'Tis said, as through the aisles they passed,

They heard strange voices on the blast,

And through the cloister galleries small,

Which at mid-height thread the chancel wall,

Loud sobs and laughter louder ran,

And voices unlike the voice of man,

As if the fiends kept holiday.

Scott, LAY OF THE LAST MINSTREL

'Ill news, Martin, I see by your look!' cried Eustacie, starting to

her feet from the heap of straw on which she was sitting in his

cowhouse, one early April day, about seven weeks since her evasion

from the convent.

'Not so, I hope, Madame, but I do not feel at ease. Monsieur has

not sent for me, nor told me his plans for the morrow, and I much

doubt me whether that bode not a search here. Now I see a plan,

provided Madame would trust herself to a Huguenot.'

'They would guard me for my husband's sake.'

'And could Madame walk half a league, as far as the Grange du

Temple?

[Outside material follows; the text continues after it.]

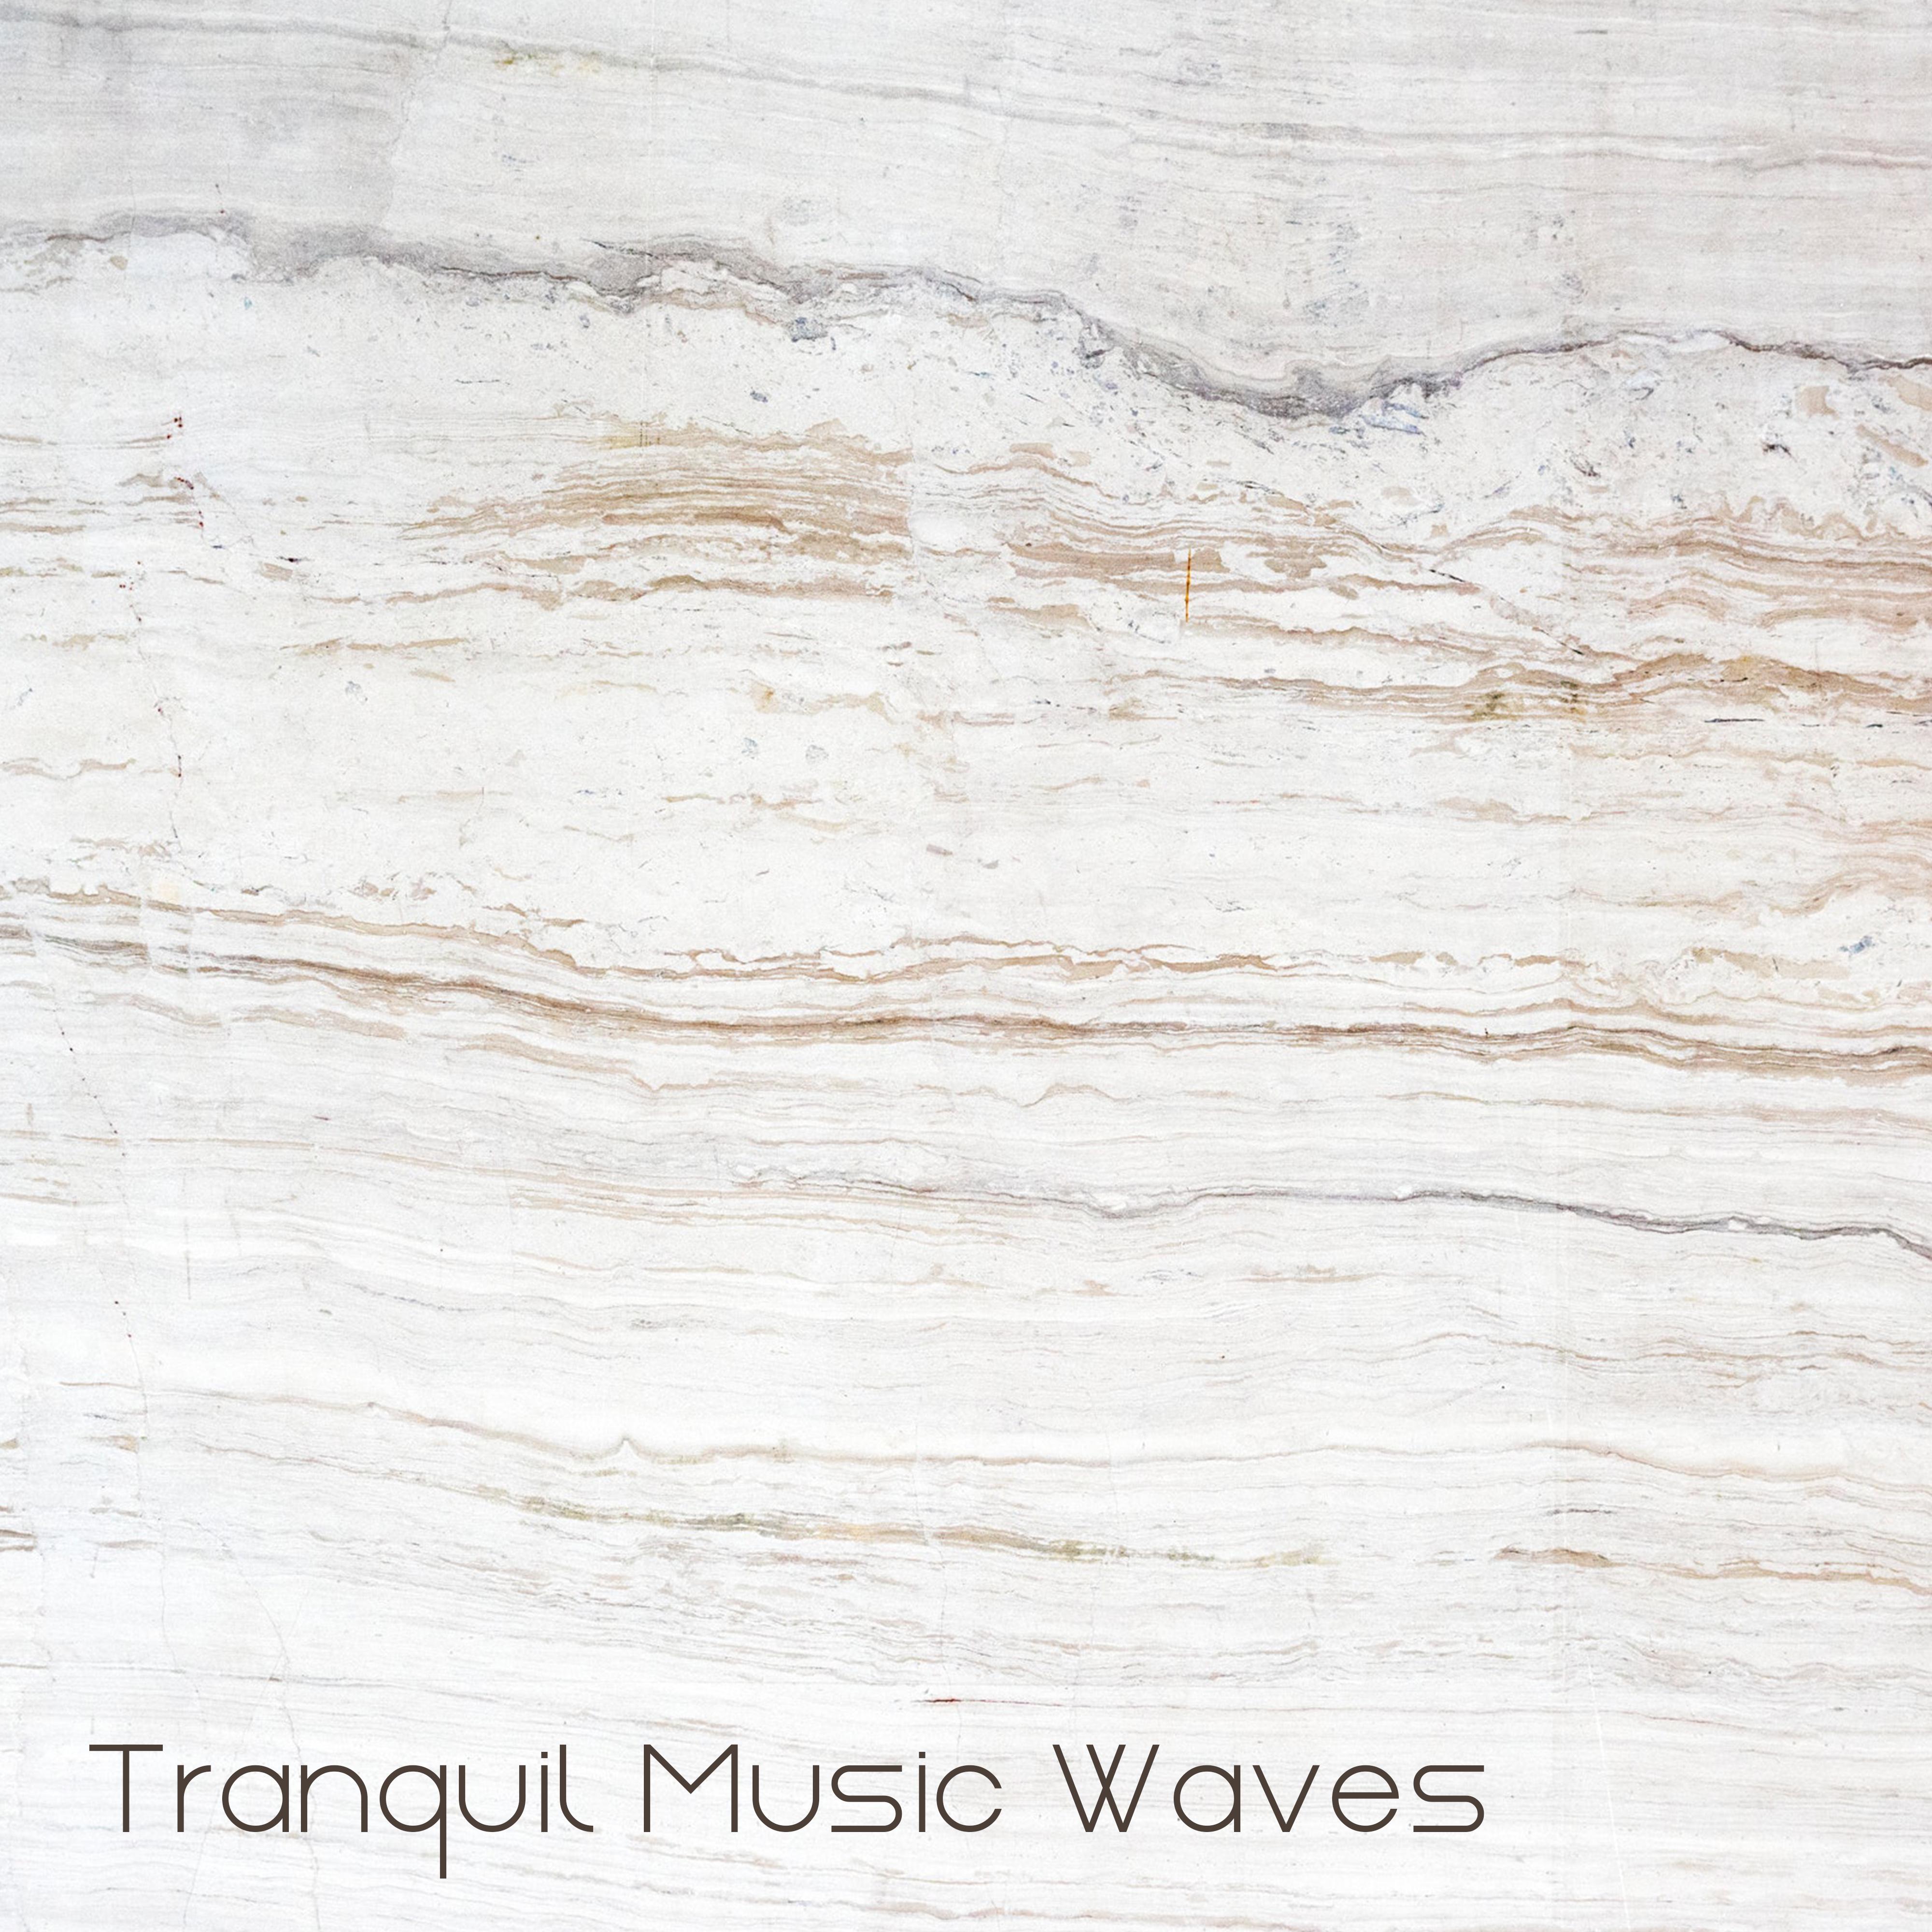 Tranquil Music Waves

There live Matthieu Rotrou and his wife, who have, they

say, baffled a hundred times the gendarmes who sought their

ministers. No one ever found a pastor, they say, when Rotrou had

been of the congregation; and if they can do so much for an old

preacher with a long tongue, surely they can for a sweet young

lady; and if they could shelter her just for tomorrow, till the

suspicion is over, then would I come for Madame with my cart, and

carry her into Chollet among the trusses of hay, as we had fixed.'

Eustacie was already tying her cloak, and asking for Lucette; but

she was grieved to hear that Martin had sent her to vespers to

disarm suspicion, and moreover that he meant not to tell her of his

new device. 'The creature is honest enough,' he said, 'but the way

to be safe with women is not to let them know.'

He cut short all messages and expressions of gratitude, and leading

Eustacie to a small stream, he made her creep along its course,

with her feet in the water so as to be sheltered by the boughs that

hung over the banks, while he used his ling strides to enable him

to double back and enter into conversation with passers-by, quite

of the track of the Grange du Temple, but always telling her where

he should join her again, and leaving with her the great dog, whom

she had come to regard as a friend and protector.